Last week, only one new entrant to the public markets was scheduled to launch, but that offering has been postponed until later this month. Sole Elite Group, a China-based maker of shoe soles used in the manufacture of sports shoes, did not complete its IPO as planned. The company plans to offer 3 million shares in an expected price range of $10 to $12 to raise $33 million at a fully diluted market cap of $198 million. The sole bookrunner for the offering is Dawson James. Shares are set to begin trading the week of September 28 on the Nasdaq under the ticker symbol SOLE.

Through the week ending August 21 (the last in which there was an IPO on U.S. markets), IPO ETF manager Renaissance Capital reported that 131 IPOs have priced in the United States so far this year, down about 31% from a year ago.
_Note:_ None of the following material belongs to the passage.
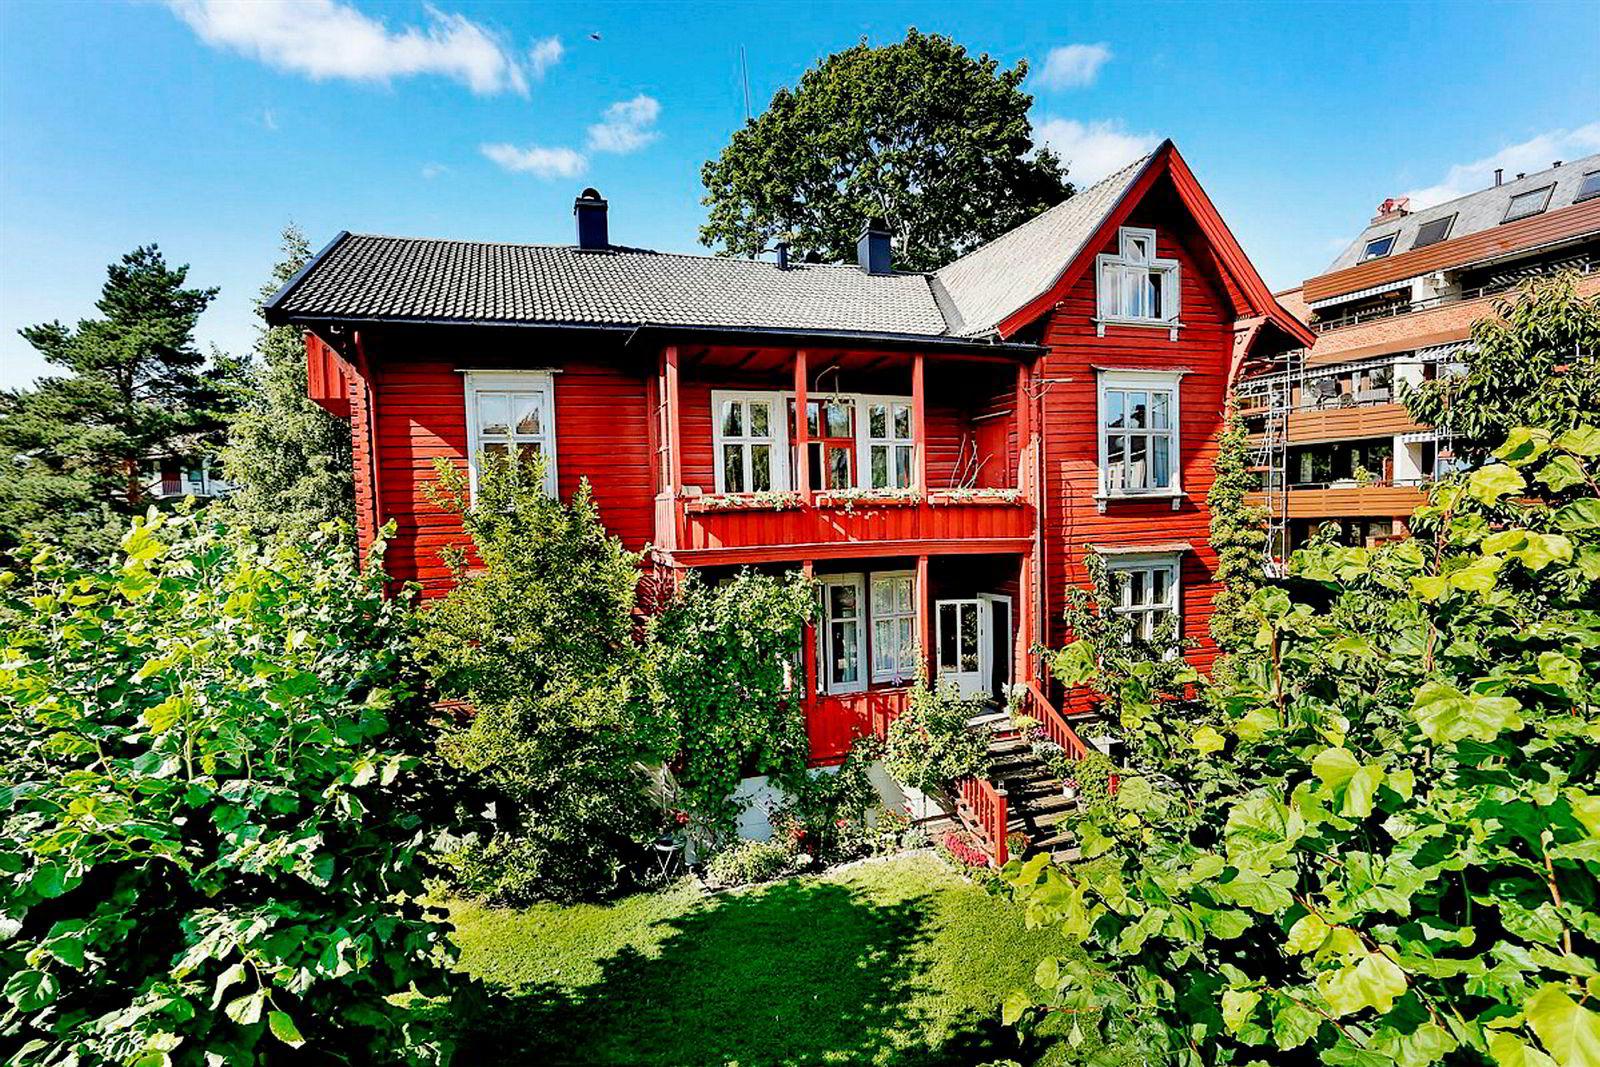 I Tidemands gate på Frogner i Oslo ligger villaen som Seierstad og familien nylig har flyttet fra. – Det er vanskelig å selge, fordi jeg har vært veldig lykkelig der. Samtidig har jeg tenkt at huset skal gå videre. Jeg håper det får gode eiere, sier Seierstad.

Total proceeds raised through last week equaled $22.3 billion, down about 45% compared with the same period in 2014. Of the 131 IPOs that have gone off this year, 58 have come from the health care sector. Last year’s IPO total came in at $85.2 billion, the highest total in the past 10 years. Renaissance Capital does not include “best efforts” or blank check companies in its totals.

Regenxbio is a biotechnology company focused on the development, commercialization and licensing of recombinant adeno-associated virus (AAV) gene therapy. The company plans to offer 5.6 million shares in an expected price range of $17 to $19 to raise $100 million at an implied market cap of about $443 million. Joint bookrunners for the offering are Morgan Stanley, Bank of America Merrill Lynch and Piper Jaffray. Co-manager is Chardan Capital Markets. Shares are expected to price on Wednesday and begin trading Thursday on the Nasdaq under the ticker symbol RGNX.

Nabriva Therapeutics is an Austria-based clinical stage biopharmaceutical company engaged in the research and development of novel anti-infective agents to treat serious infections, with a focus on the pleuromutilin class of antibiotics. The company plans to offer 6 million shares in an expected price range of $15 to $17, raising $96 million at an implied market cap of $268 million. Joint bookrunners for the offering are Leerink Partners and RBC Capital Markets. Co-managers are Needham and Wedbush PacGrow. Shares are expected to price on Thursday and begin trading Friday on the Nasdaq under the ticker symbol NBRV.

Penumbra is a global interventional therapies company that designs, develops, manufactures and markets innovative medical devices. The company plans to offer 3.8 million shares in an expected price range of $25 to $28, raising about $100 million at an implied market cap of about $791 million. Joint bookrunners for the offering are JPMorgan and Merrill Lynch. Co-managers are Wells Fargo Securities and Canaccord Genuity. Shares are expected to price Thursday and begin trading Friday on the New York Stock Exchange under the ticker symbol PEN.

Finally, Sweden-based Oasmia Pharmaceutical plans to list American depositary shares (ADS) on the Nasdaq under the ticker symbol OASM. The company’s shares already trade on the Nasdaq Stockholm exchange and on the Frankfurt exchange. Oasmia is a pharmaceutical company focused on innovative treatments within human and animal oncology. Ladenburg Thalmann is managing the offering, which is expected to price between $5.25 and $8.25 per ADS and raise $23 million. One ADS is equal to three ordinary shares. Renaissance Capital does not count this as an IPO in its statistical summaries.